* Given information:

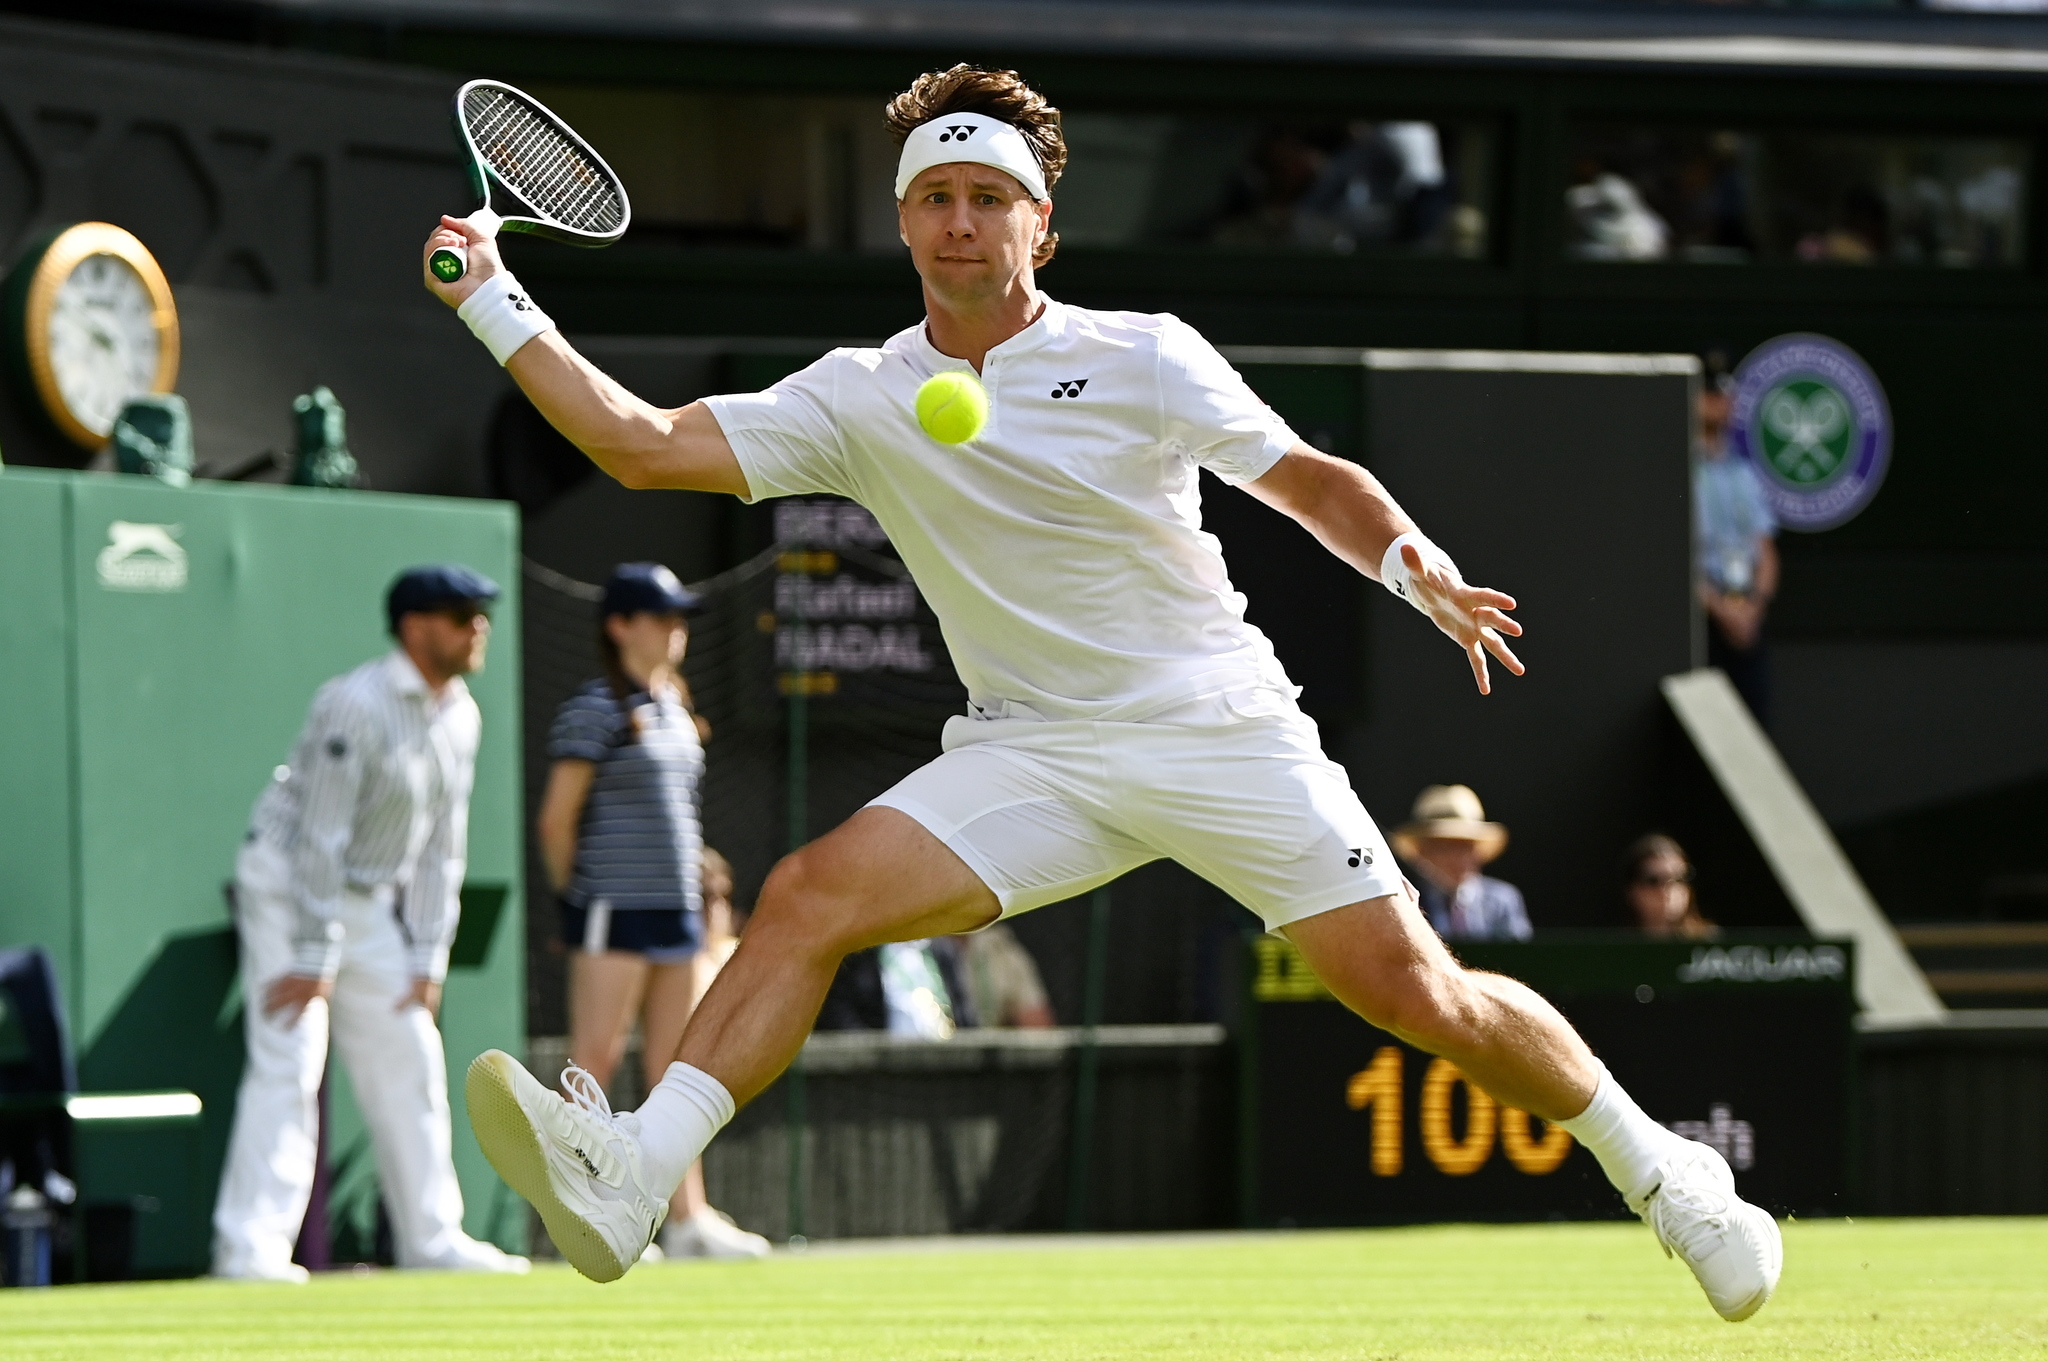 Wimbledon (United Kingdom), 30/06/2022.- Ricardas  lt;HIT gt;Berankis lt;/HIT gt; of Lithuania in action in the men's second round match against Rafael Nadal of Spain at the Wimbledon Championships, in Wimbledon, Britain, 30 June 2022. (Tenis, Lituania, España, Reino Unido) EFE/EPA/NEIL HALL EDITORIAL USE ONLY
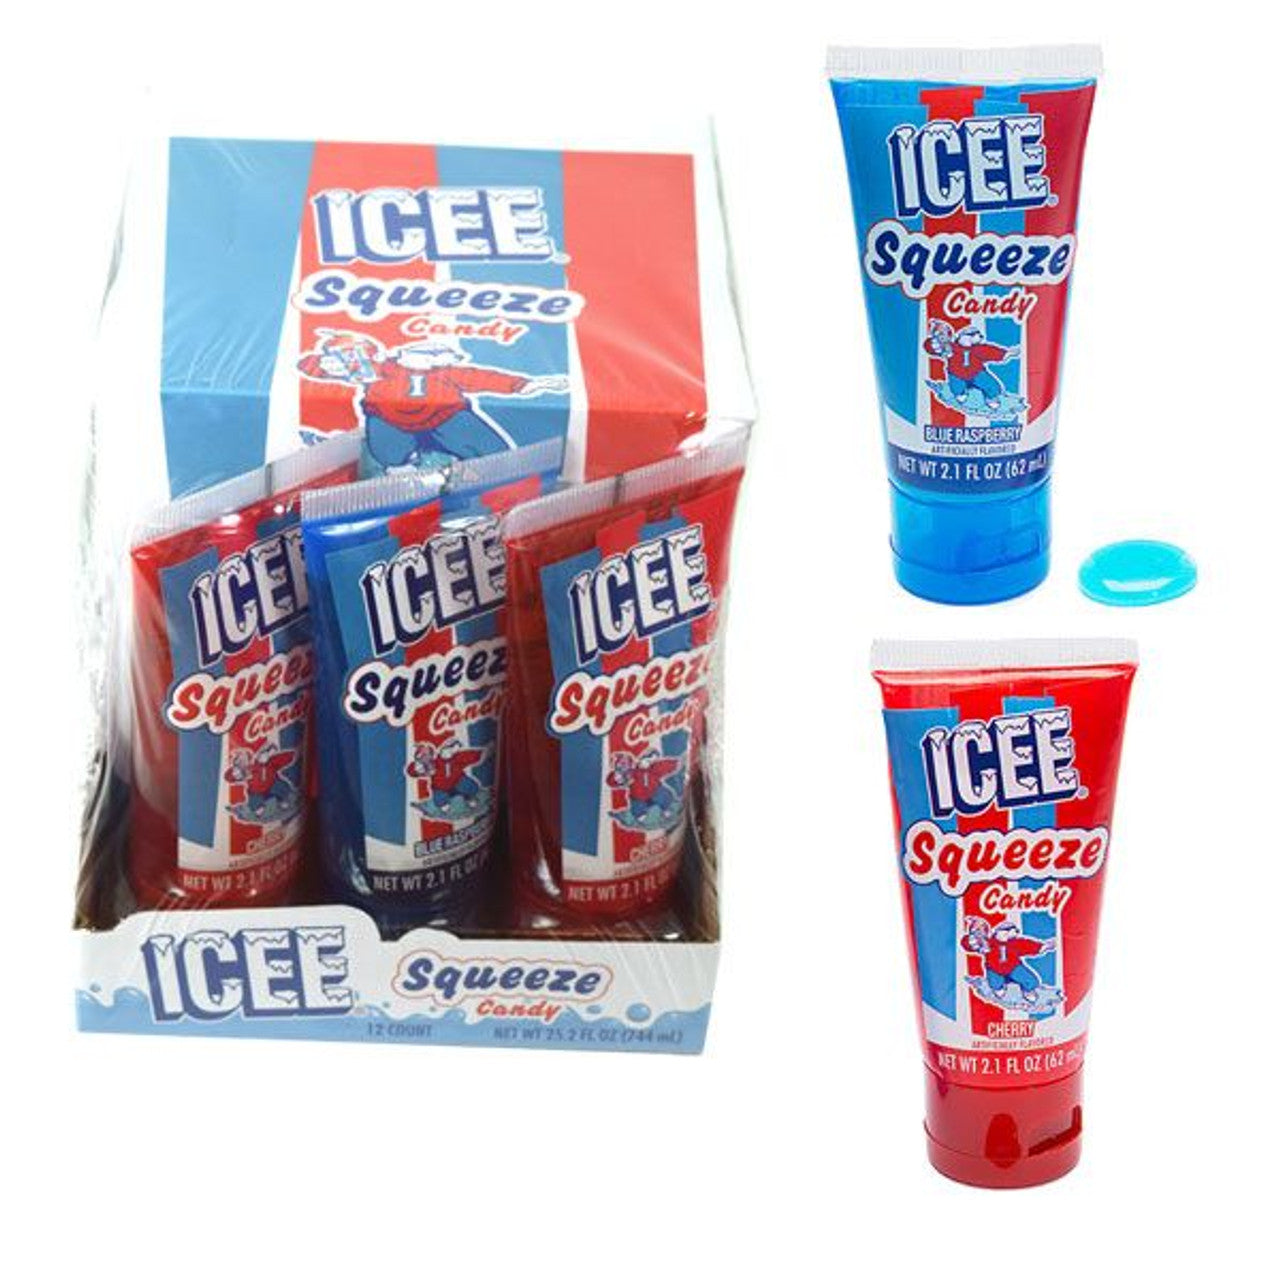 Icee Squeeze Candy Snack Hut 6608
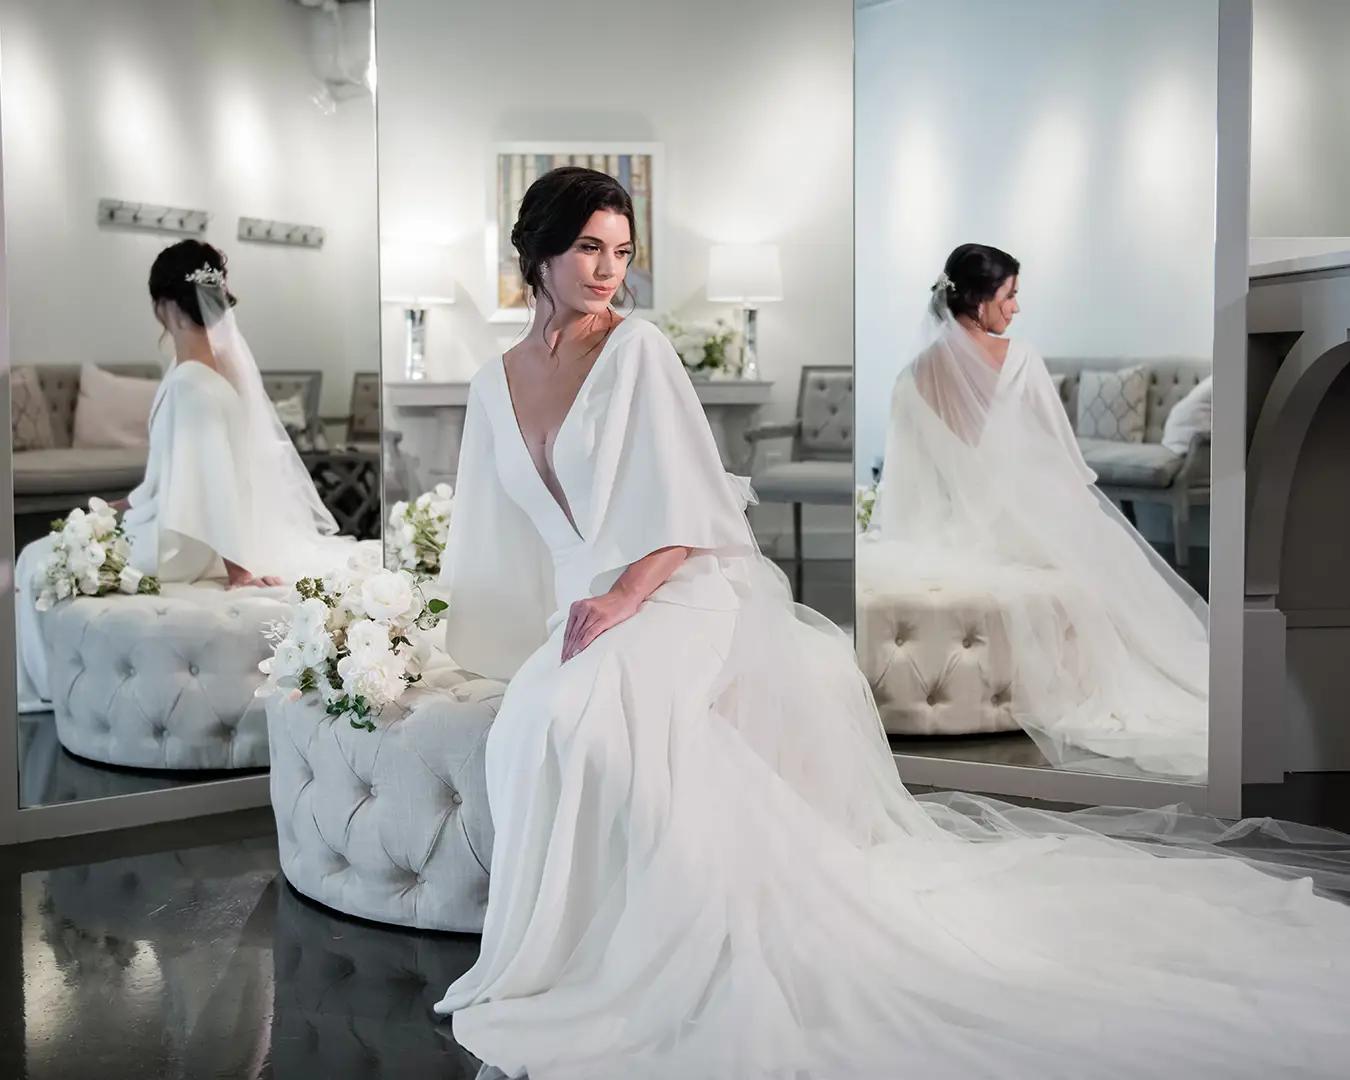 How to Spice Up a Simple Wedding Dress Image

* Problem:
Pictures are to be dropped, and the remaining data set down exactly.

* Solution below:
 Wimbledon (United Kingdom), 30/06/2022.- Ricardas  lt;HIT gt;Berankis lt;/HIT gt; of Lithuania in action in the men's second round match against Rafael Nadal of Spain at the Wimbledon Championships, in Wimbledon, Britain, 30 June 2022. (Tenis, Lituania, España, Reino Unido) EFE/EPA/NEIL HALL EDITORIAL USE ONLY
 Icee Squeeze Candy Snack Hut 6608
 How to Spice Up a Simple Wedding Dress Image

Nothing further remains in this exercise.